### THE INPUT:
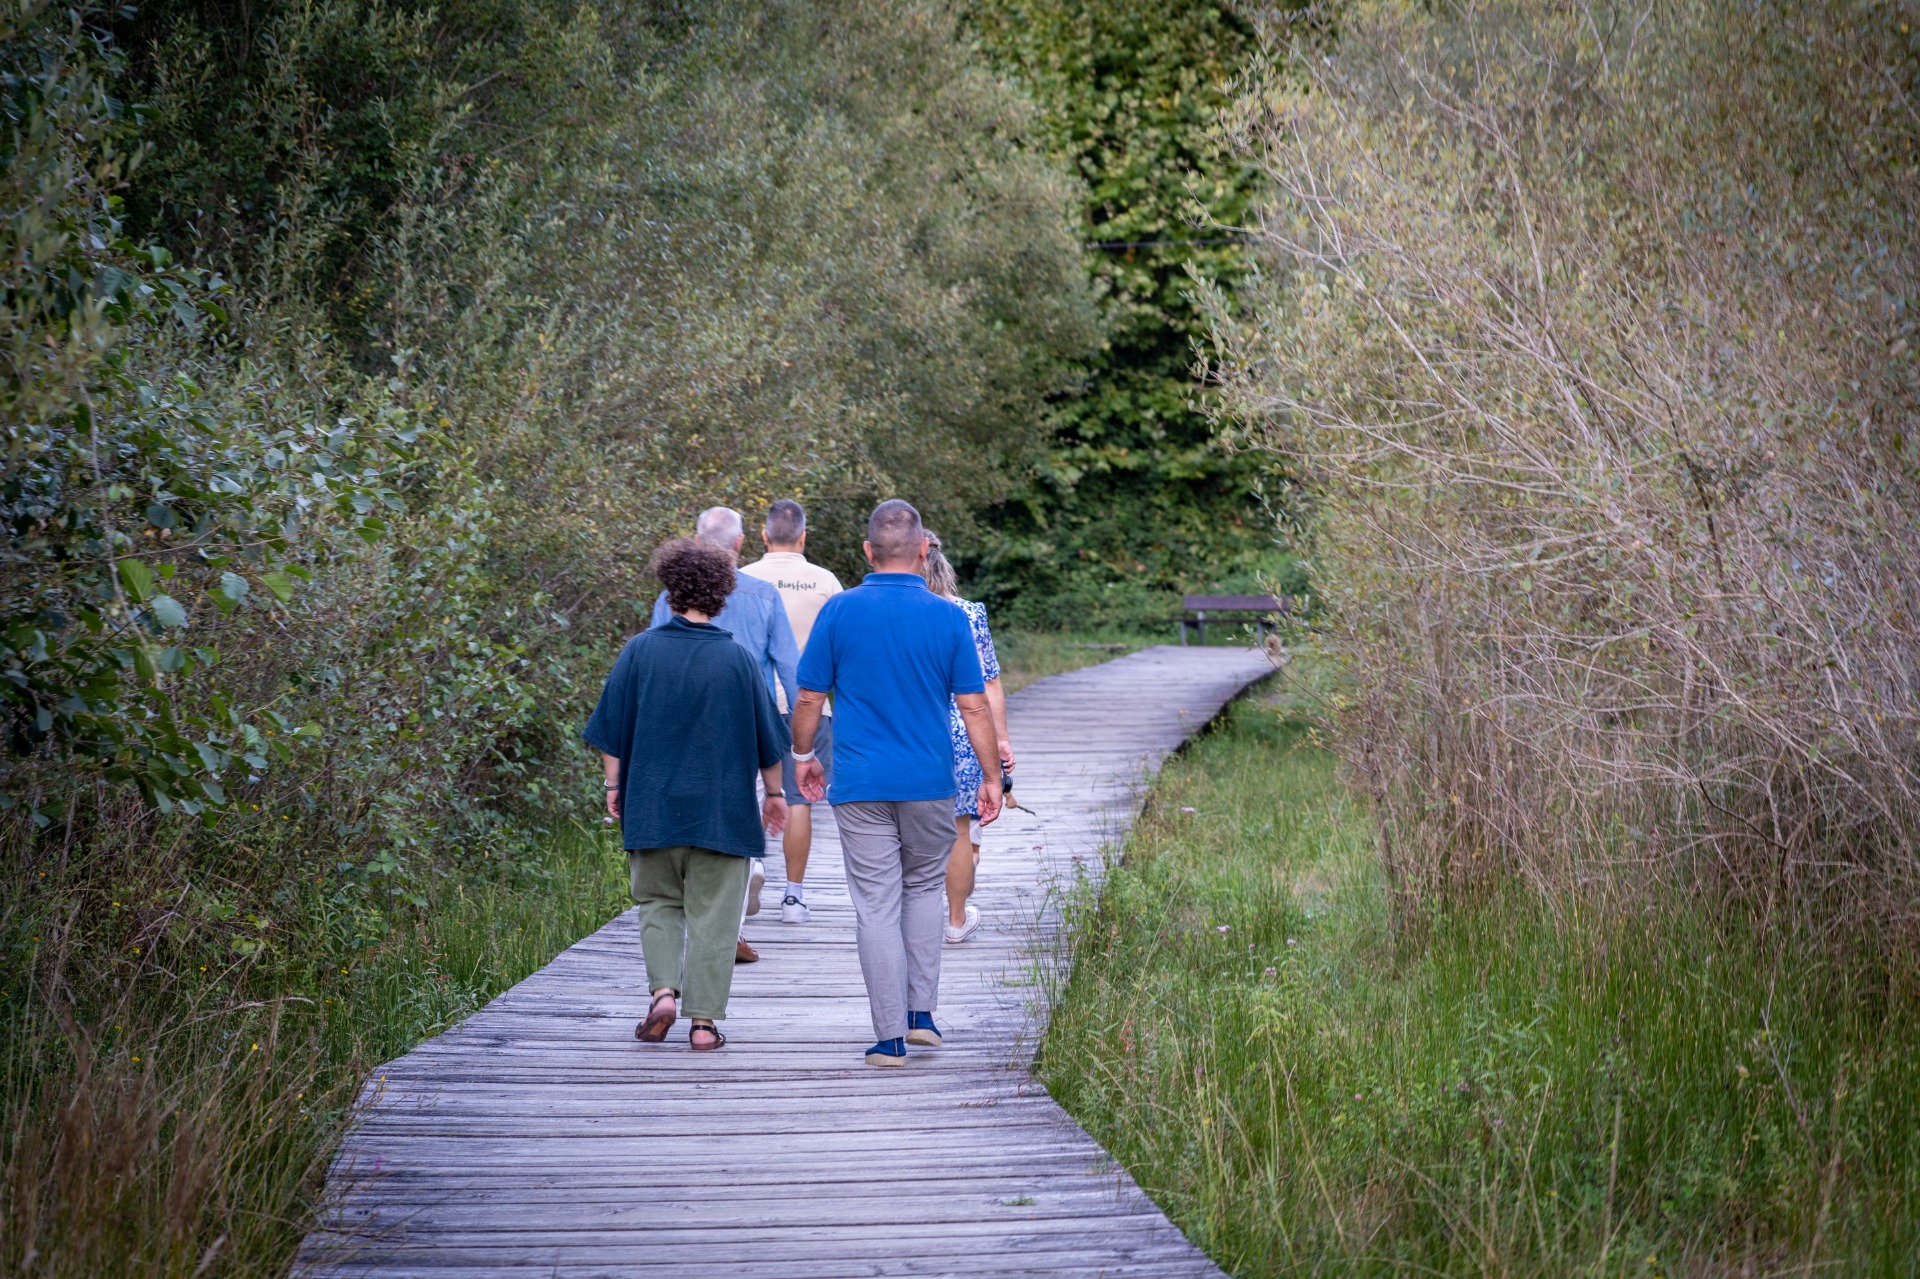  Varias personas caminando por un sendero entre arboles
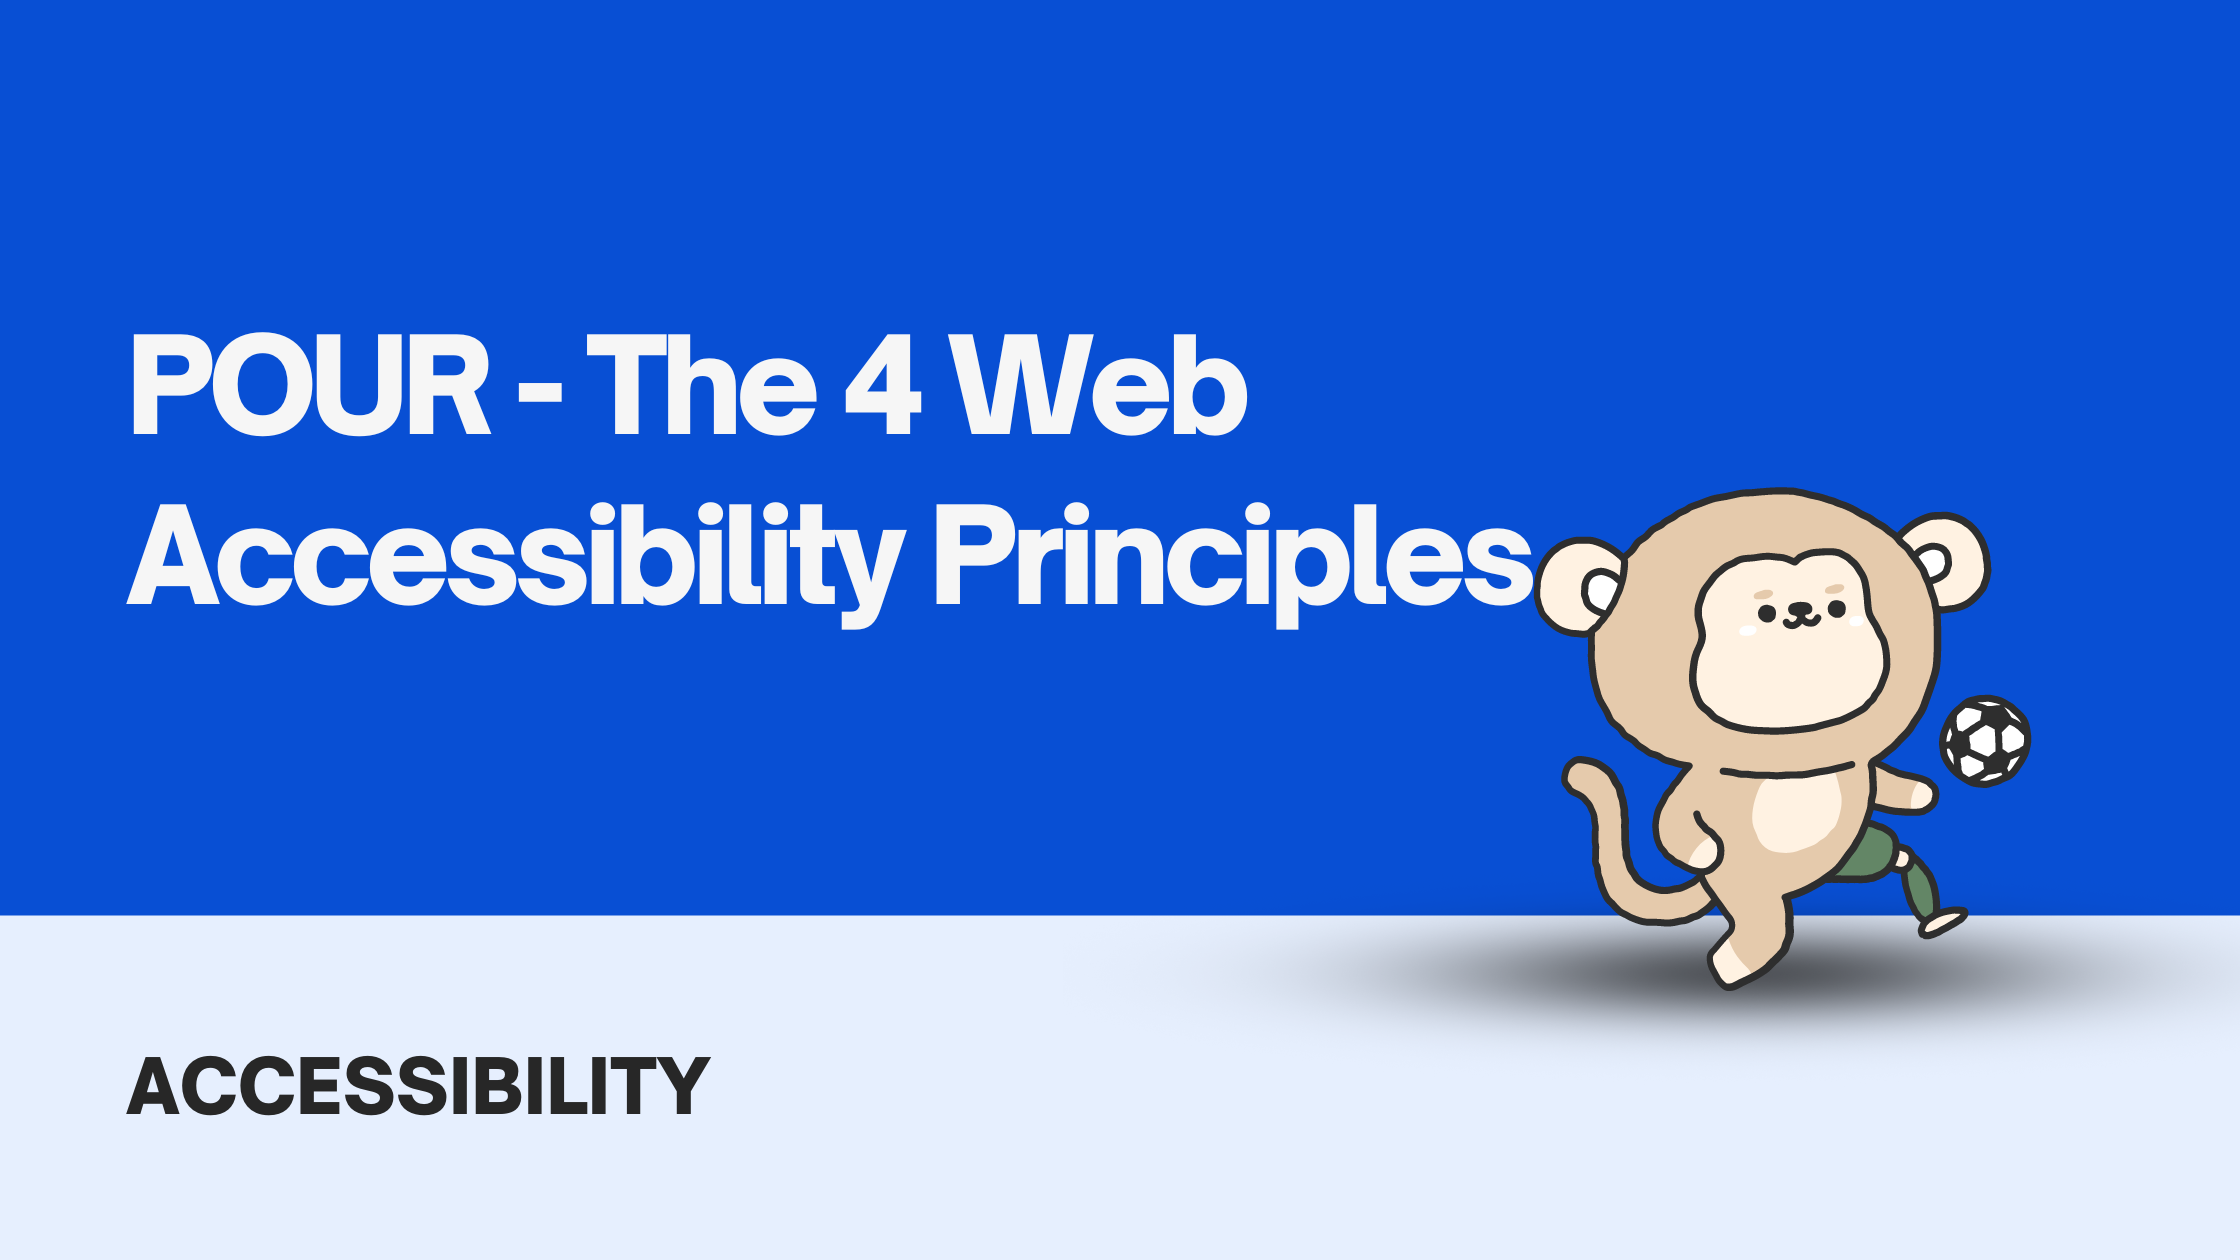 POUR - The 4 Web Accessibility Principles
...
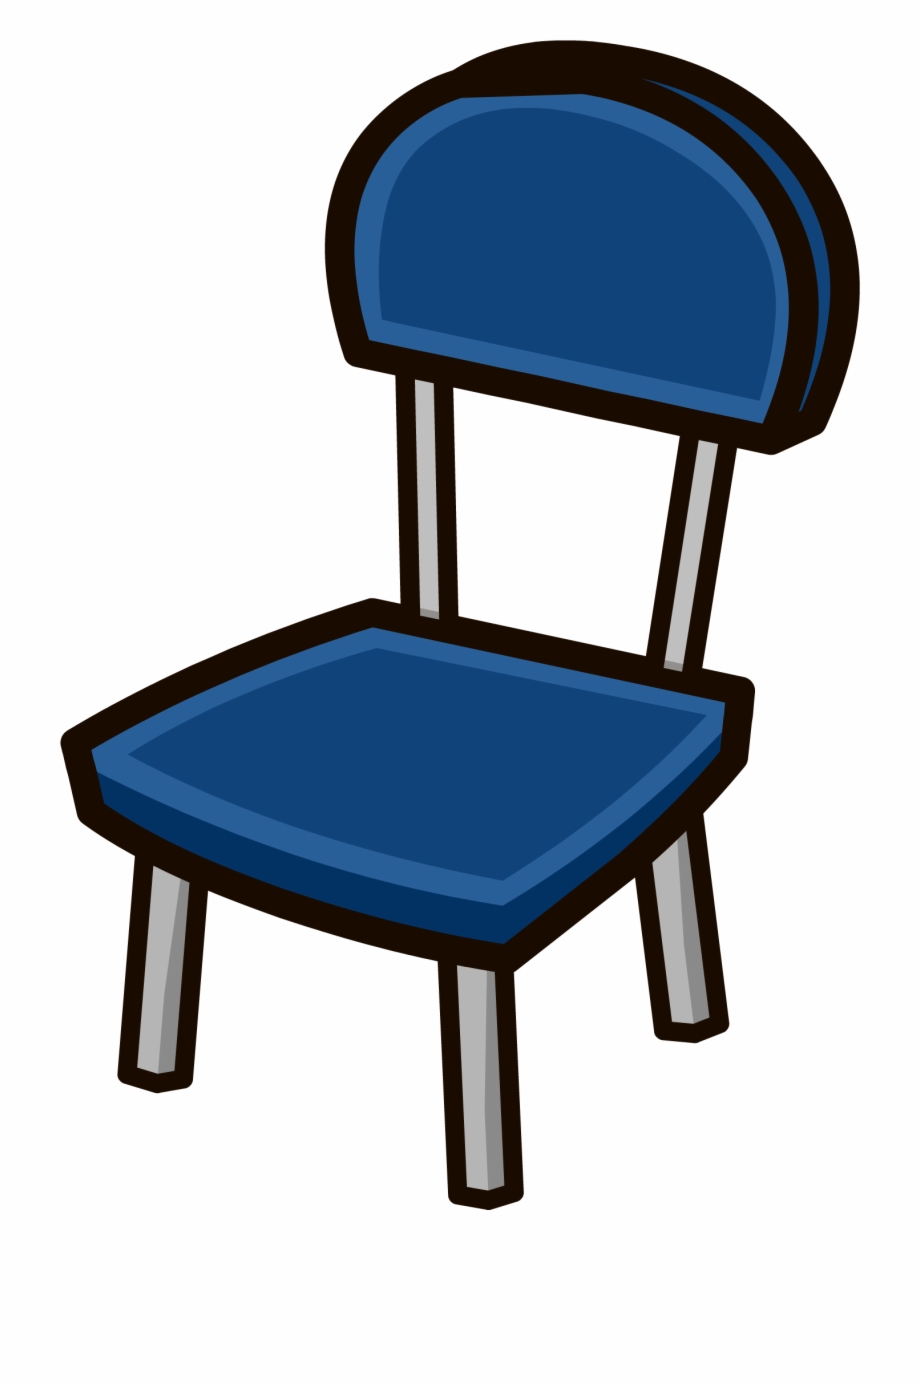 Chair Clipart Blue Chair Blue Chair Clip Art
==
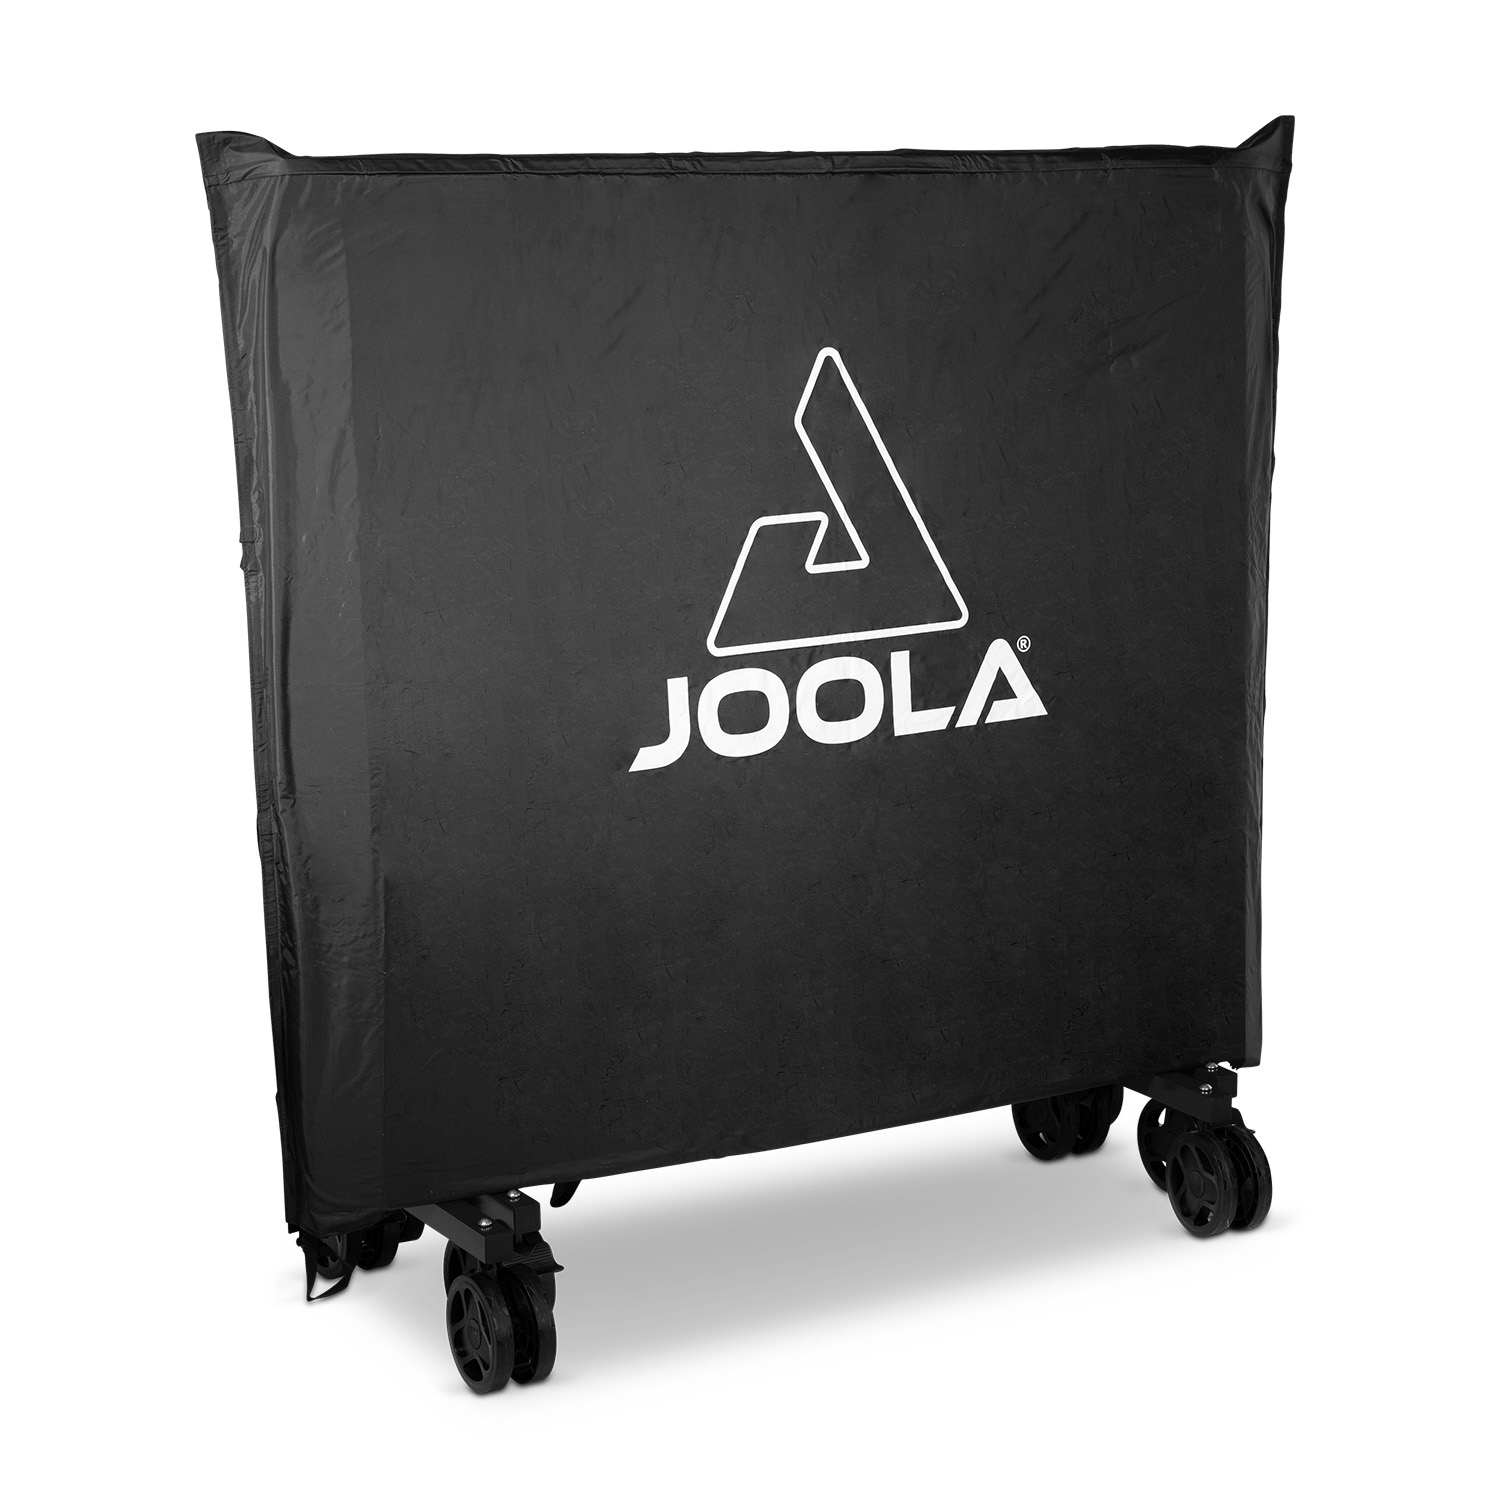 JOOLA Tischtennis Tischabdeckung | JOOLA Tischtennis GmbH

### INSTRUCTIONS TO FOLLOW:
In the records above, find the line with "Varias personas caminando" and the line with "POUR - The 4 Web Accessibility Principles", then restate word for word only those two lines and all lines between, omitting pictures.

### RESPONSE TO THE EXERCISE:
  Varias personas caminando por un sendero entre arboles
 POUR - The 4 Web Accessibility Principles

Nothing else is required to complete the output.